External Sales - defined as an exchange by the university of tangible or intangible products and/or services with external customers for monetary consideration. For the purposes of this policy, an external customer is anyone not paying for the goods or services from an IU account. Transactions handled for technology transfer, license and trademark agreements are excluded from this definition.
Internal Sales - defined as the sale of goods or services by one university department to another department within the university and to sales within a department. Transactions are completed using an Internal/Service Billing form or the batch processing process that recognizes income and expense between university accounts. If it is considered necessary or efficient for an IU organization or department to sell to another university organization or department in order to accomplish university objectives, then a recharge (or internal service) center must be established in compliance with university policies. All sales activity must be conducted in accordance with university policy and procedures to ensure adequate compliance with federal and state regulations and to minimize legal, insurance, and tax risks. Rates set by recharge centers are subject to review by Financial Management Services (FMS) for compliance with federal cost principles and regulations as well as IU policies and guidelines as set forth in the policy reference section below.
Payment Card Industry Data Security Standards (PCI DSS) - a set of comprehensive requirements for enhancing payment account data security, developed by the founding payment brands of the PCI Security Standards Council, including American Express, Discover Financial Services, JCB International, MasterCard Worldwide and Visa Inc. Inc. International, to help facilitate the broad adoption of consistent data security measures on a global basis.
The PCI DSS is a multifaceted security standard that includes requirements for security management, policies, procedures, network architecture, software design and other critical protective measures. This comprehensive standard is intended to help organizations proactively protect customer account data.
Revenue – any incoming funds generated from the sale of products and/or services provided by the university or university employees.
Revenue Producing Activity - A revenue producing activity (RPA) is established when revenue is generated from the sale of products and/or services provided by the university or university employees. This definition shall exclude all Sponsored Programs.

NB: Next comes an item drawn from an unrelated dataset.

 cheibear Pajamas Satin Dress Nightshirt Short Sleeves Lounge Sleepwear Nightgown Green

Revenue Producing Activity Committee – University level group organized to aid the University in managing the risks associated with sales activities. Representative members are from the Office of the Treasurer, Purchasing, Financial Management Systems, University Counsel, University Information Technology Services, and other areas as needed to consider specific requests. Completed RPA requests are considered twice monthly.

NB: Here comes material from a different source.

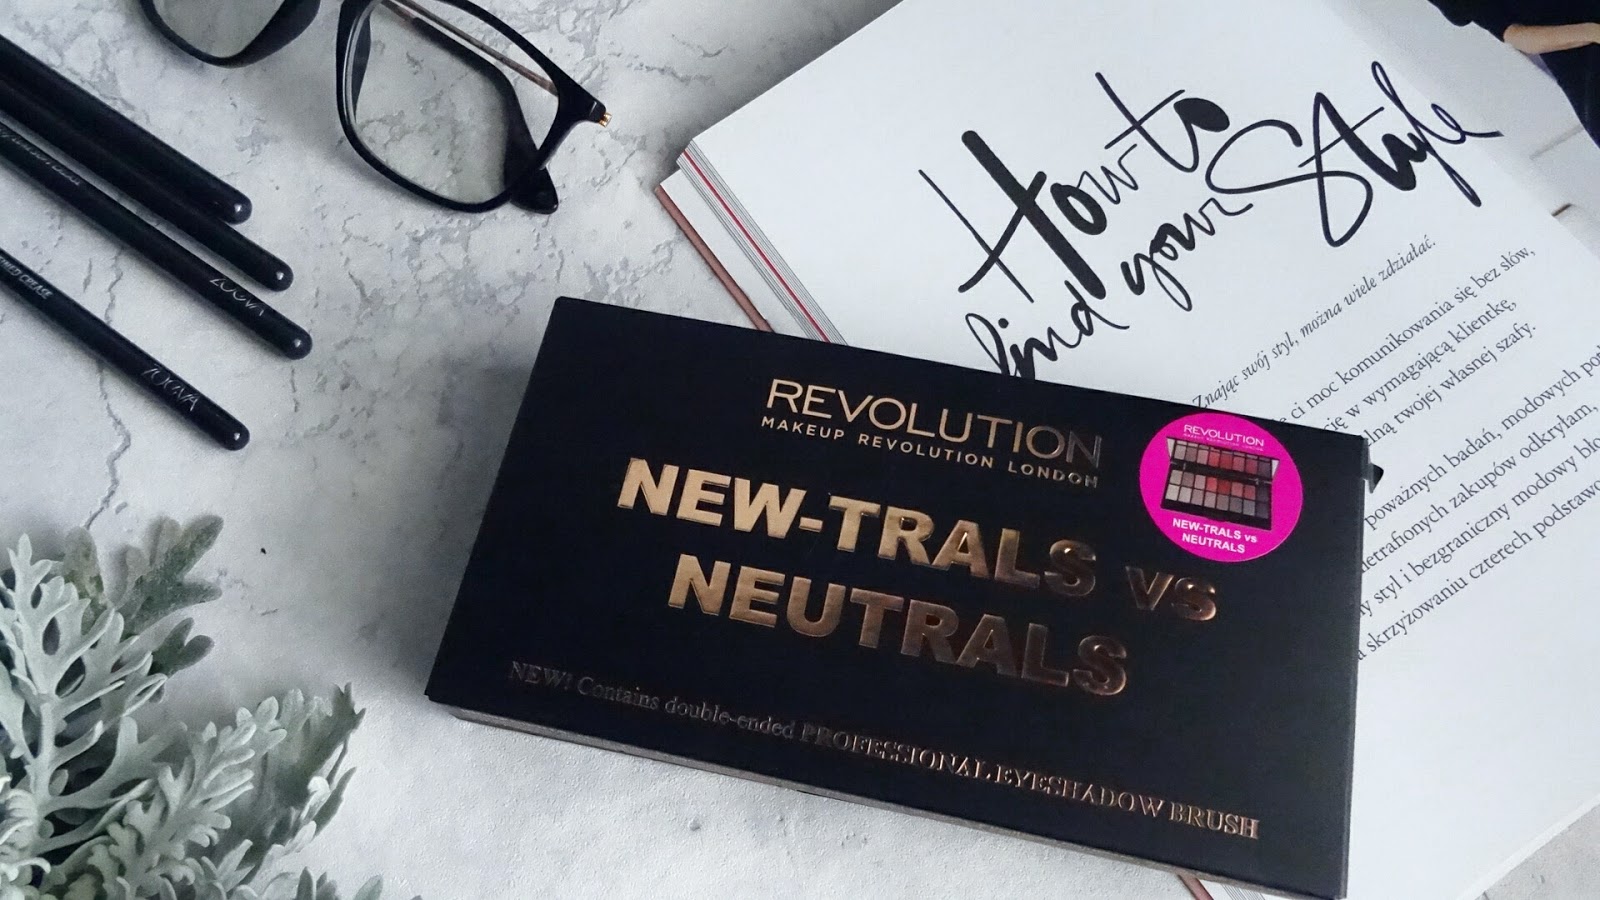 NEW - TRALS vs NEUTRALS marki MAKE-UP-REVOLUTION. wakacyjny makijaż

Sponsored Programs - Sponsored programs shall not be considered a Revenue Producing Activity (RPA) under this policy. As a general rule, sponsored programs are differentiated by RPA’s by the following criteria:
Any questions as to whether an activity should be considered a sponsored program should be referred to Office for the Vice President for Research.
When planning or approving business activities, deans, department heads, and other appropriate administrators should ensure that revenue producing activities comply with this policy. Units that do not follow the guidelines set forth in this policy will at a minimum be held responsible for any fines or penalties. Generating and processing revenue imposes responsibilities on both IU and the department. Failure to follow defined and approved procedures will minimally result in interruption of revenue processes and may result in immediate termination of the activity.